Jaime Quijandría es más optimista que Cámac y destaca que hay indicios de que si se sigue explorando en la mencionada zona se encontrará más gas aún. “Y es que la tasa de éxito hasta ahora ha sido muy buena, de casi 75%. Si mantenemos una tasa así en los próximos años, tendremos que de cada 10 pozos exploratorios 7,5 tendrán recursos. Entonces, vamos en buen camino”, dice el ex ministro.

No obstante, Quijandría agrega que el desarrollo de la petroquímica del etano requiere de la construcción de un etanoducto hacia el lugar donde se vaya a producir. “El etano no se puede trasladar por el mismo mecanismo por donde salen los líquidos, por lo tanto hay un ducto que hacer, una inversión adicional y darle localización. Todo esto resulta clave”.

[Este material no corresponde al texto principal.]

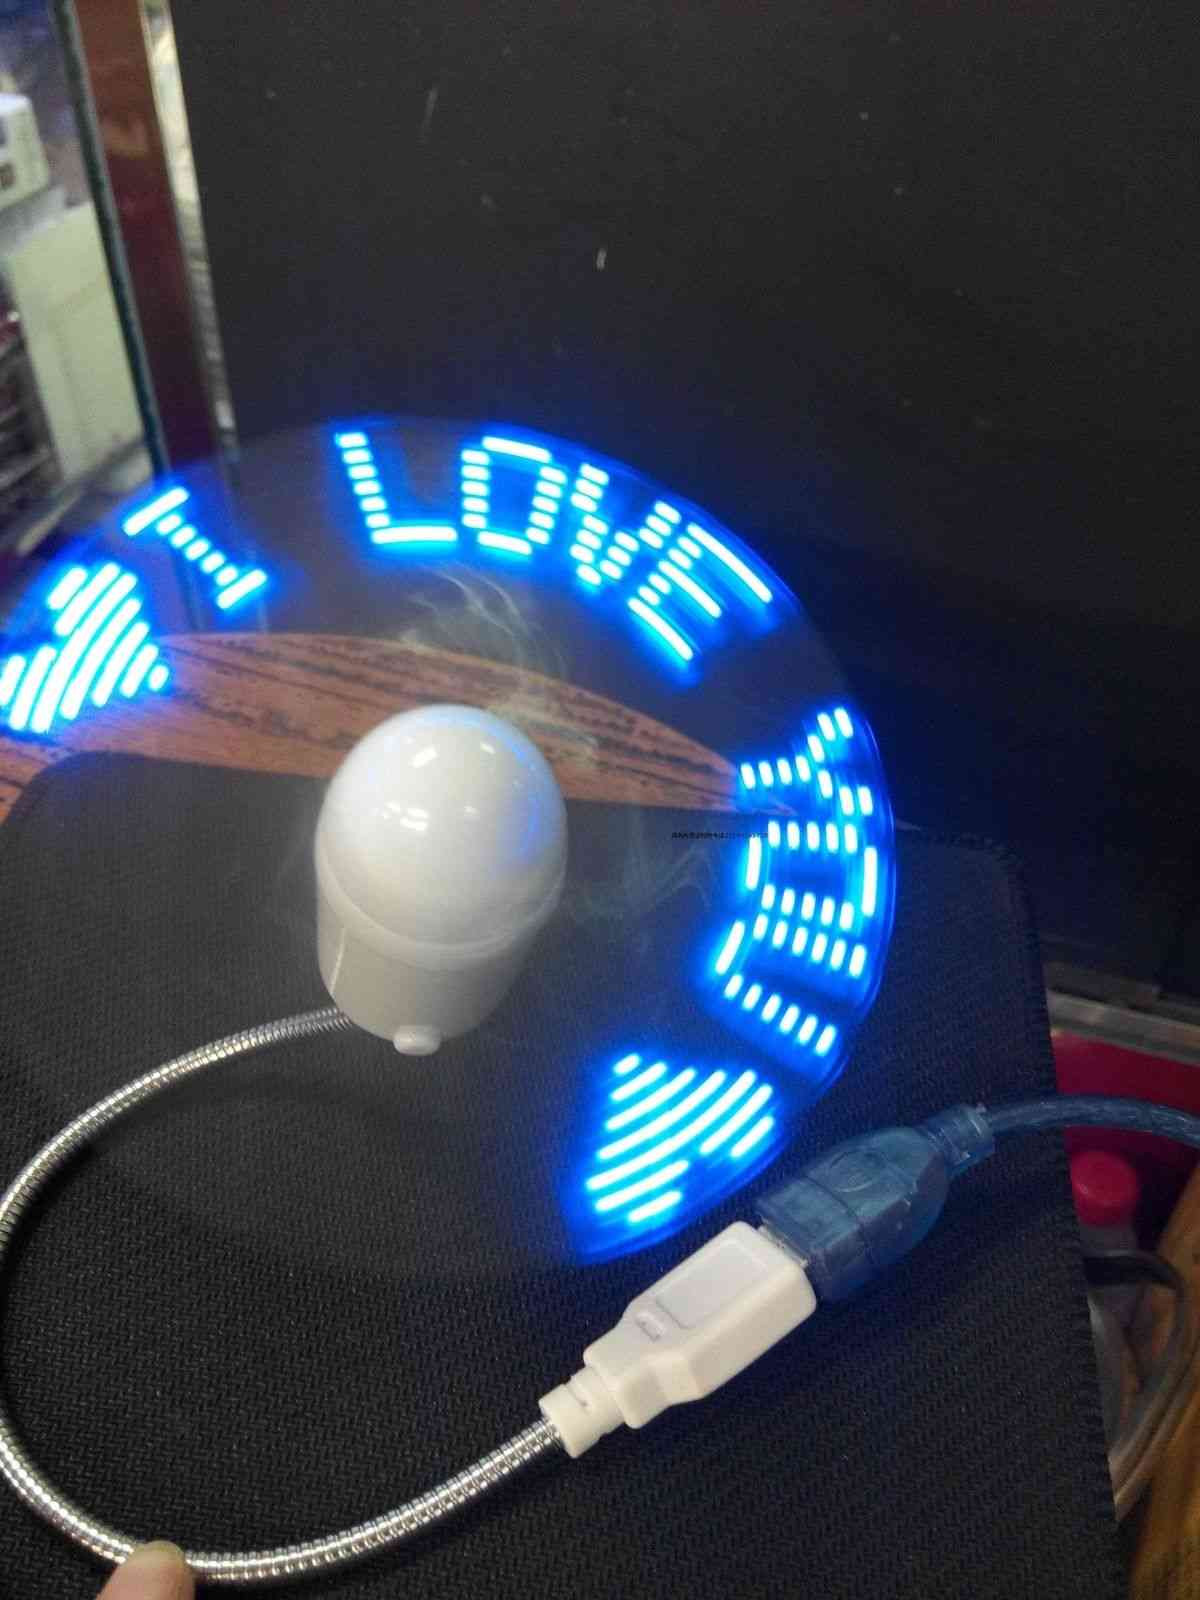 Mini luz led flexible y ajustable, ventilador usb, reloj de tiempo (azul)

El uso del gas como insumo para elaborar productos de mayor valor agregado vía el desarrollo petroquímico es lo que se denomina Camisea III. Esta etapa constituye desde ya un gran avance, pues implica mayores inversiones, cadenas productivas, reemplazo de importaciones y mejoras en competitividad. “Atrás va quedando la idea de exportar el gas para que otros países lo industrialicen y nos vendan los productos más elaborados”, dice Manco-Zaconetti.

El siguiente paso es tener metas más ambiciosas y apuntar, por qué no, a convertir al Perú en un hub petroquímico en la zona del Pacífico de América del Sur. Por lo pronto ya existen dos proyectos importantes que podrían convertir en un futuro cercano ese anhelo en realidad.